YouTube - The Police - Every Breath You Take

Sh xx


----------



## Guest (Jun 17, 2009)

bexy1989 said:


> don't think anyone got anyway with out a name


yes Swearer


----------



## Guest (Jun 17, 2009)

rainy said:


> Sally smelly fingers (LMAO)


Opps yes RAiny!!
Sally smelly fingers!!
Maybe you are not quite ready for foo foo yet!


----------



## bexy1989 (May 10, 2009)

rainy said:


> yes Swearer


 at least i didn't eat all the pies :yikes:


----------



## Vixie (Nov 17, 2007)

Georges Mum said:


> JUst to add to nomination thread - "yourgifts ourgifts has kindly offered to give a personalised gift to the winner -Sammy and her family- a photo gift. If i could ask Diane and Mac to pm them - she will assist in the present! Can i say a big thankyou to Yourgifts Our gifts!! Tanja x x x x x


thats so lovely of her, I'm sure Diane&Mac will be delighted  xxx


----------



## Guest (Jun 17, 2009)

Georges Mum said:


> JUst to add to nomination thread - "yourgifts ourgifts has kindly offered to give a personalised gift to the winner -Sammy and her family- a photo gift. If i could ask Diane and Mac to pm them - she will assist in the present! Can i say a big thankyou to Yourgifts Our gifts!! Tanja x x x x x


Awwwww Thanks YGOG xxxxxxx

Bet Josh and Ella would love something with a picture of the puppies on


----------



## crazycrest (Feb 13, 2008)

Georges Mum said:


> JUst to add to nomination thread - "yourgifts ourgifts has kindly offered to give a personalised gift to the winner -Sammy and her family- a photo gift. If i could ask Diane and Mac to pm them - she will assist in the present! Can i say a big thankyou to Yourgifts Our gifts!! Tanja x x x x x


Hat's off to Ash..."yourgiftsourgifts"...your blimmin wonderful x x x


----------



## Badger's Mum (Mar 23, 2009)

rainy said:


> Thanks you guys xx Love and Peace
> 
> Right now the intention is to raise a glass to our Sammy and celebrate the joys of love life and humour just as she did.
> 
> ...


no sorry sammy never did private she never left anyone one out soooooooooo sorry for for Sammy it's got to be everyone?


----------



## candysmum (Jan 18, 2009)

Right guys i must now say good night and find my bed.

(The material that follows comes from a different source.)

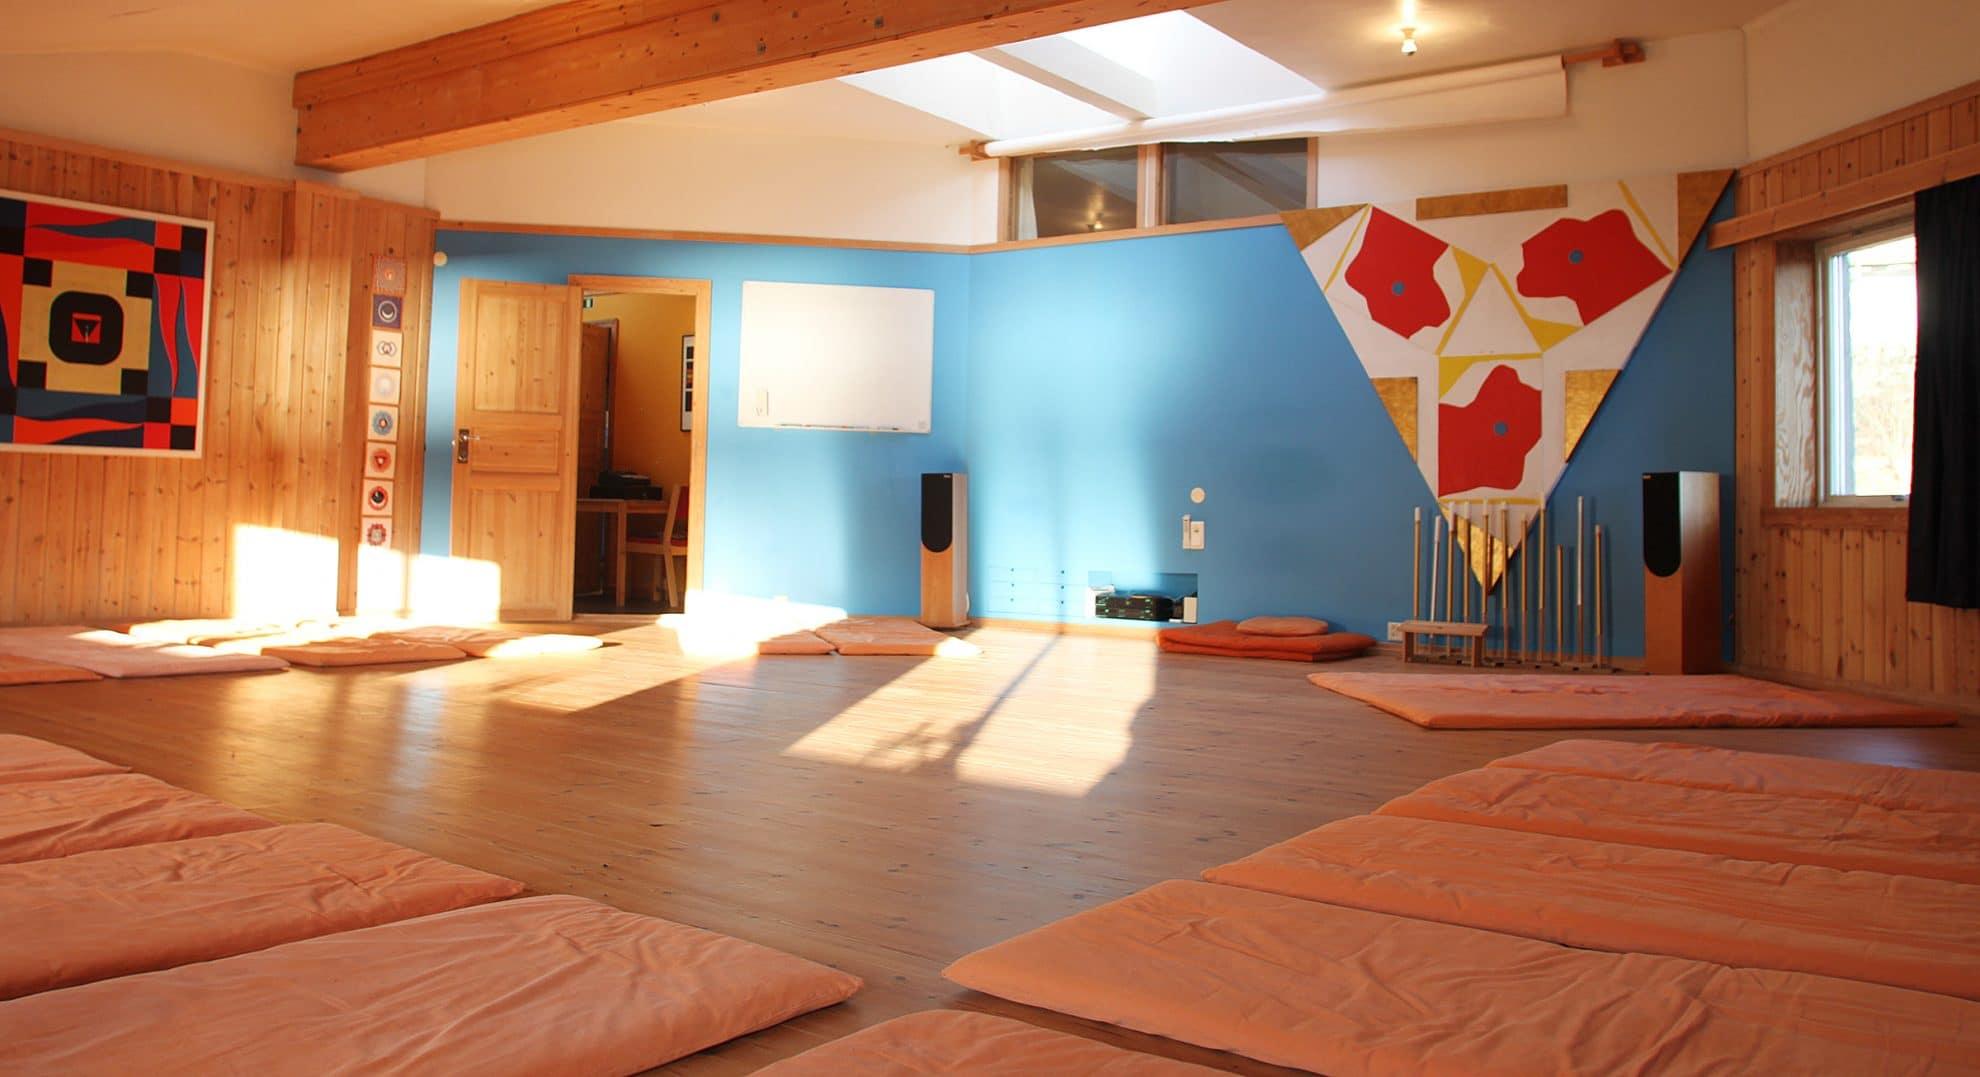 Yogarommet på yogaskolen
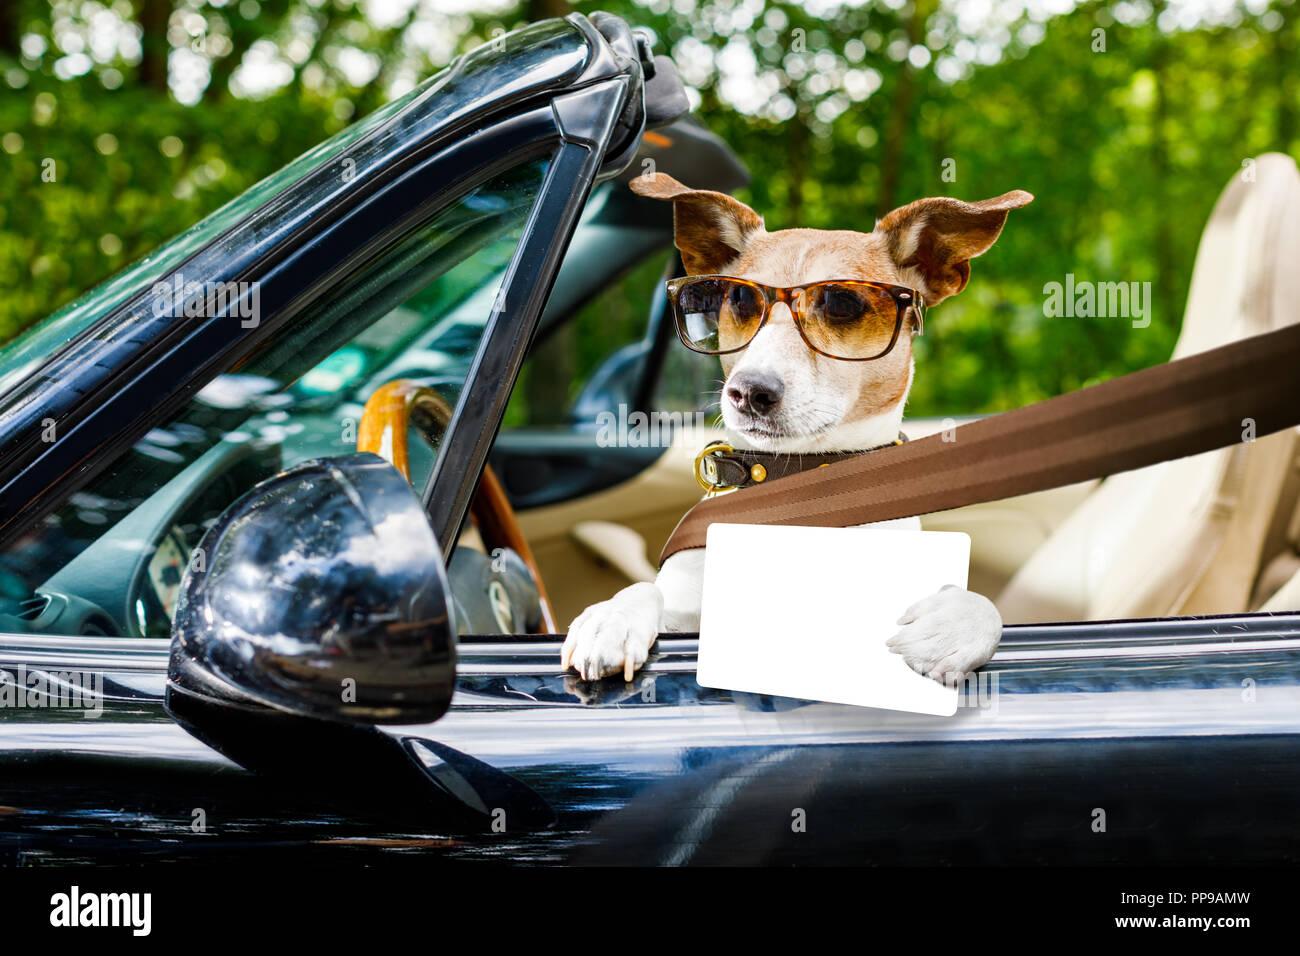 Jack Russell perro en un automóvil cerca del volante, listo para conducir rápido y guardar , con el cinturón de seguridad abrochado,con licencia de conducir Imagen De Stock

see ya all tomorrow Be good now and dont do anything i wouldn't do 

xx


----------



## Guest (Jun 17, 2009)

bexy1989 said:


> don't think anyone got anyway with out a name


No one did im proud of my name to 

kerry-the-blimmin-angel

But if i was bad she called me

kerry-the-badest-girl


----------



## Guest (Jun 17, 2009)

bexy1989 said:


> at least i didn't eat all the pies :yikes:


PMSL


----------



## 3 red dogs (May 17, 2008)

Just wanted to let you all know that Diane and Mac thank you all so very much, and are totally overwhelmed by your posts of support, but as you can imagine, its been a long day for them all so they are going to say there good byes, untill later and say, you all keep the party going, Sammy woulda loved this!
Regards
The Red One (via Mac.)


----------



## hobo99 (Aug 18, 2008)

To Sammy the sweetest and lovelist person thats been on the forum.:smile5:
So So So Pleased its Sammy that won.:smile5:

Cheers To Sammy. suz x x :smile5:


----------



## noushka05 (Mar 28, 2008)

crazycrest said:


> Hat's off to Ash..."yourgiftsourgifts"...your blimmin wonderful x x x


here here!!! xxx


----------



## Guest (Jun 17, 2009)

christine c said:


> no sorry sammy never did private she never left anyone one out soooooooooo sorry for for Sammy it's got to be everyone?


Hello stranger xxx

Everyone is welcome


----------



## bexy1989 (May 10, 2009)

DevilDogz said:


> No one did im proud of my name to
> 
> kerry-the-blimmin-angel
> 
> ...


least your not the swearer :yikes:



rainy said:


> PMSL


haha it still makes me laugh hahaha


----------



## Guest (Jun 17, 2009)

One thing that Sammy seemed to have a knack for!
She brought out the softer side of all of us!

To Sammy !


----------



## Agility Springer (Mar 15, 2009)

YouTube - Janelle-Amazing (song + lyrics)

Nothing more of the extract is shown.